## Exercise requirements
Under this line sits a listing. Repeat exactly and only its lines from the one holding "Chad Stahelski: I" through the one holding "In Pieces: Someplace"; skip pictures.

## Input material
((
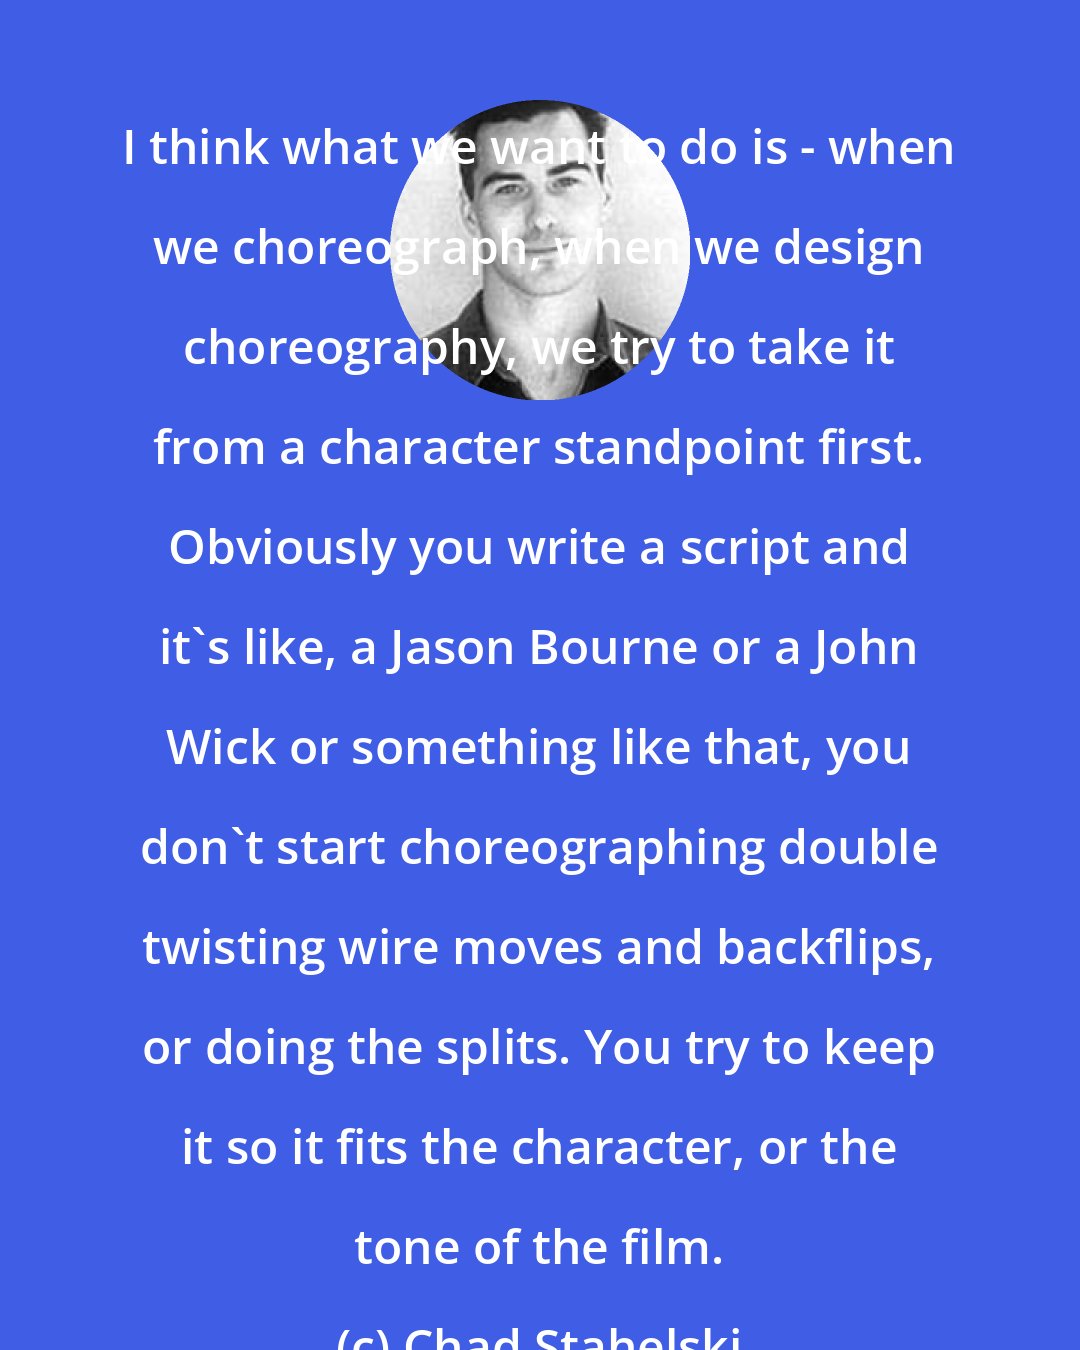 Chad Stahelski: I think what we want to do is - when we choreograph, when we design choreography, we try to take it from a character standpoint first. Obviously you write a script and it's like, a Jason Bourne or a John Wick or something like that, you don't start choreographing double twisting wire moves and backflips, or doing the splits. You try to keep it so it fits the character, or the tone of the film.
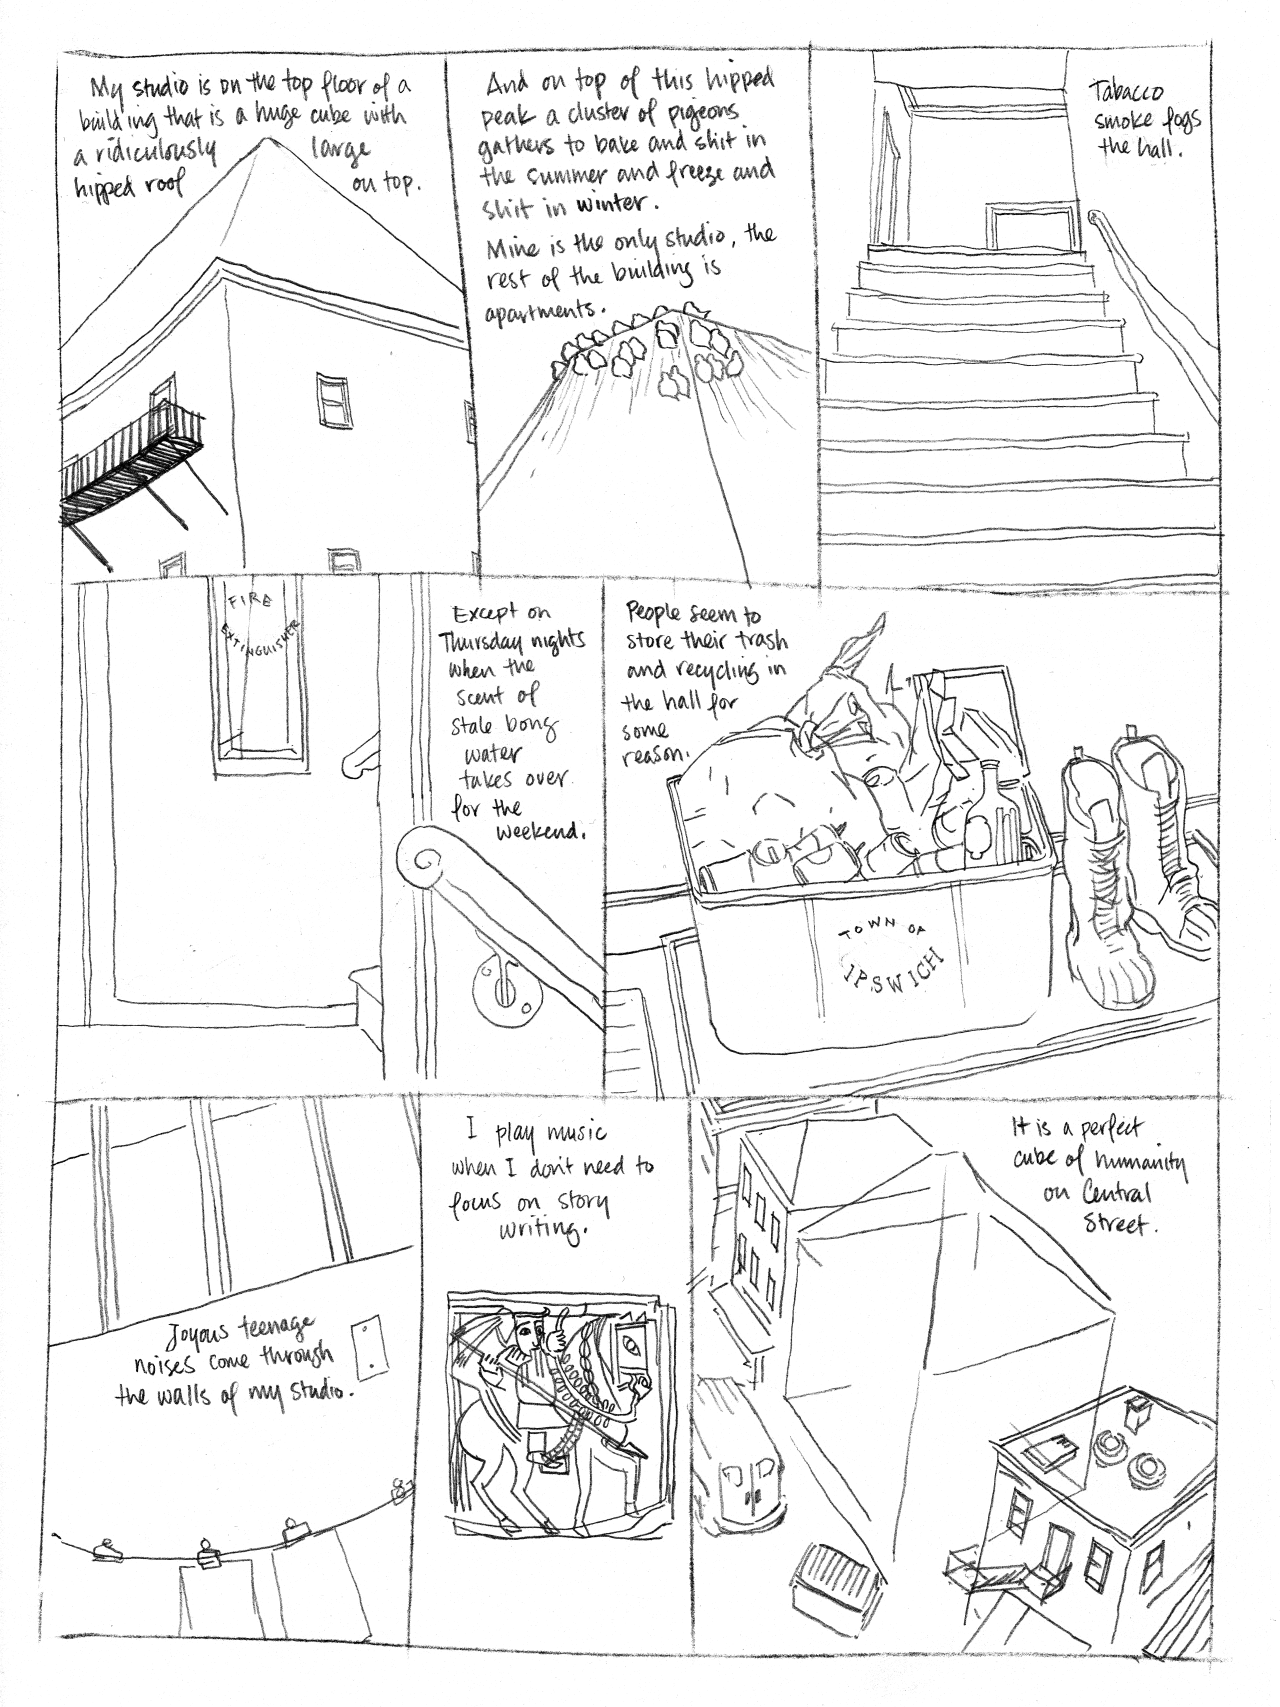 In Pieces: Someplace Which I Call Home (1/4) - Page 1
))
((
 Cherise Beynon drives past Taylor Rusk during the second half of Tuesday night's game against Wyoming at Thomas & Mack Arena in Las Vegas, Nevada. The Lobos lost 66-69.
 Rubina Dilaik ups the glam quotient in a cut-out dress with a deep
))
((
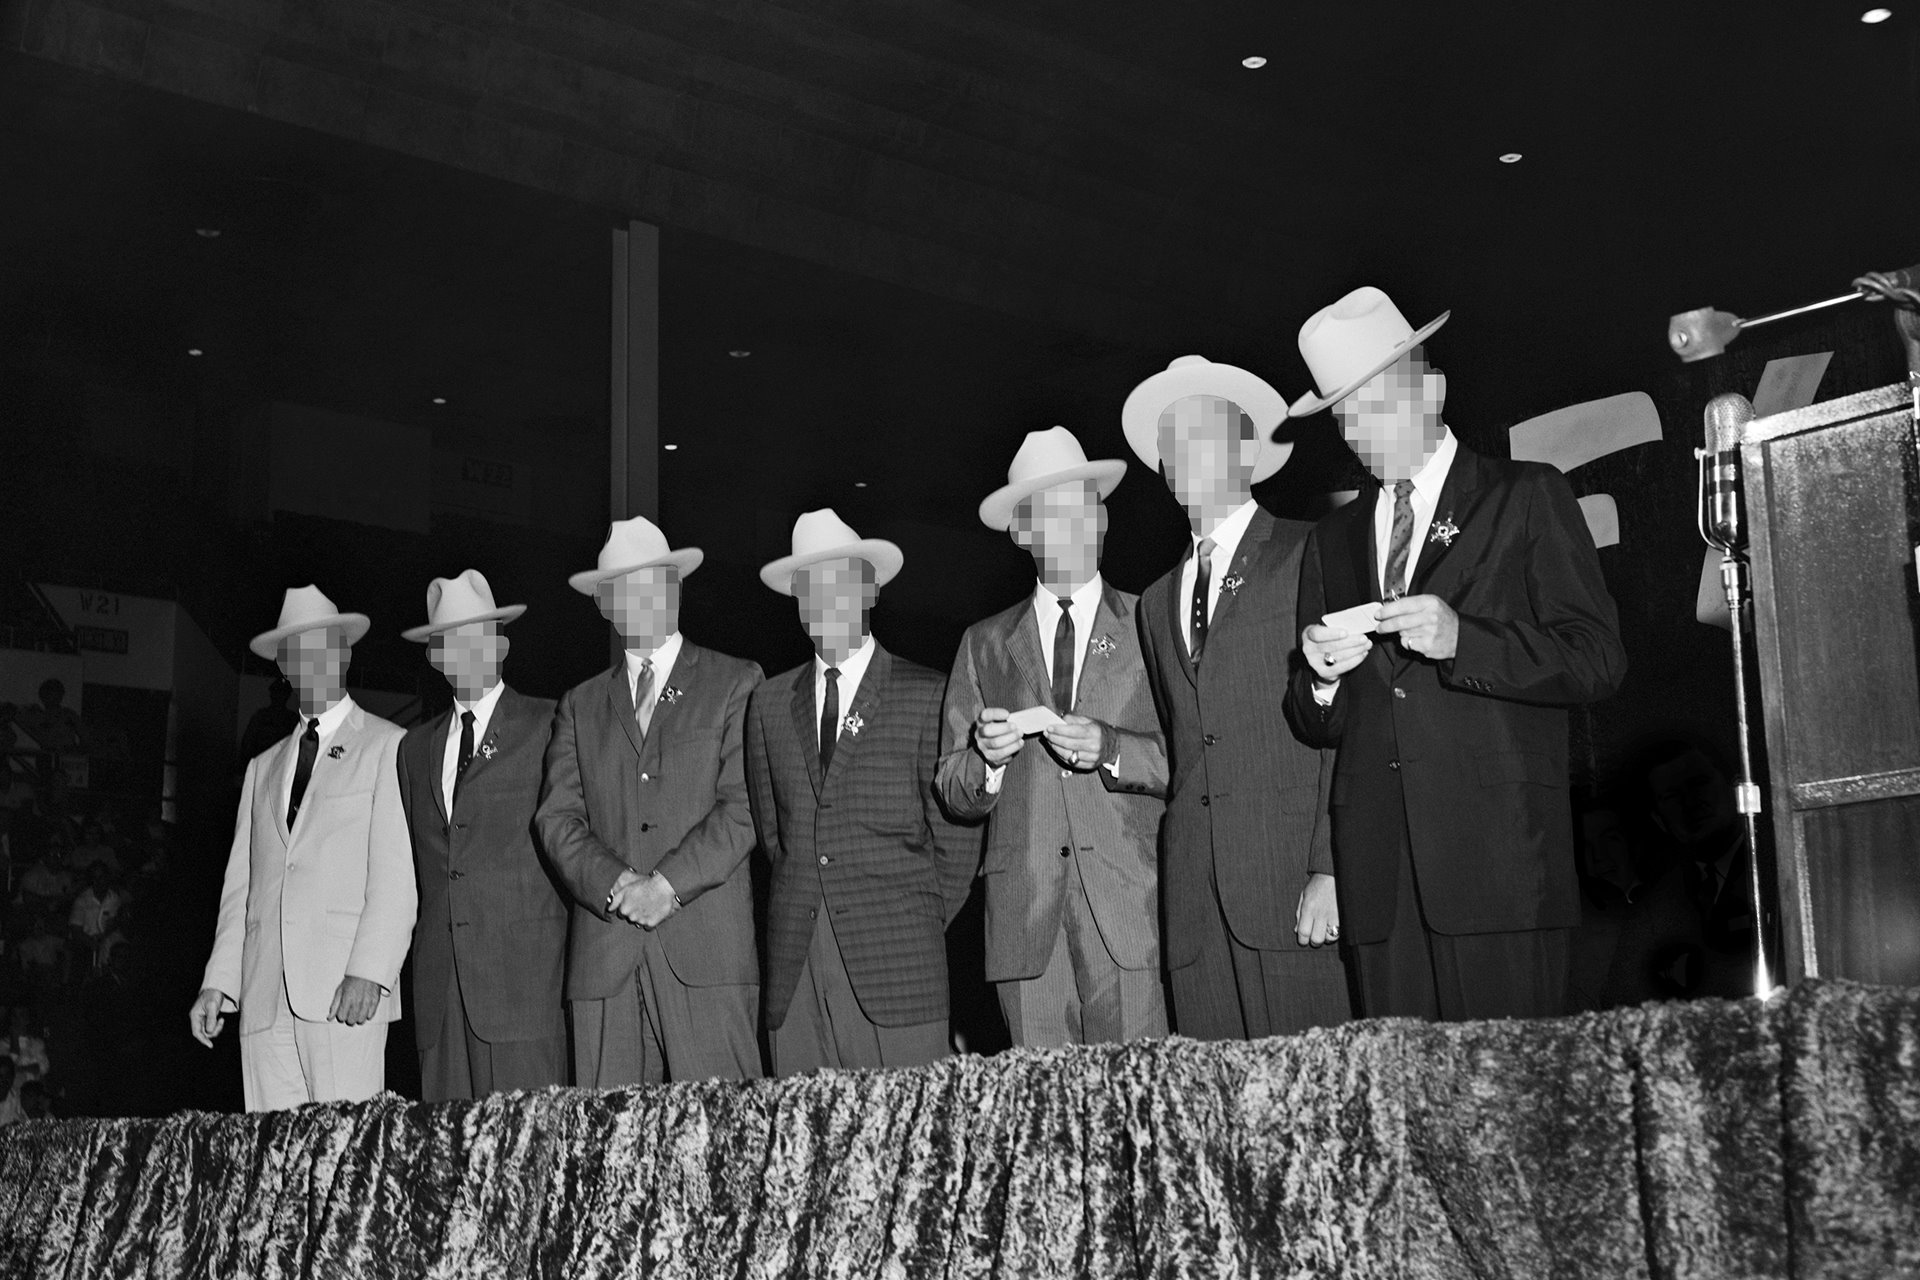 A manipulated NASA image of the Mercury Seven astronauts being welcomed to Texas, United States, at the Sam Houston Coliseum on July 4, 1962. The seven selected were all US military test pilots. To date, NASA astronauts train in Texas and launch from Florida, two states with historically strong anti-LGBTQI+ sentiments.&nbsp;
))
## Solution to this task
 Chad Stahelski: I think what we want to do is - when we choreograph, when we design choreography, we try to take it from a character standpoint first. Obviously you write a script and it's like, a Jason Bourne or a John Wick or something like that, you don't start choreographing double twisting wire moves and backflips, or doing the splits. You try to keep it so it fits the character, or the tone of the film.
 In Pieces: Someplace Which I Call Home (1/4) - Page 1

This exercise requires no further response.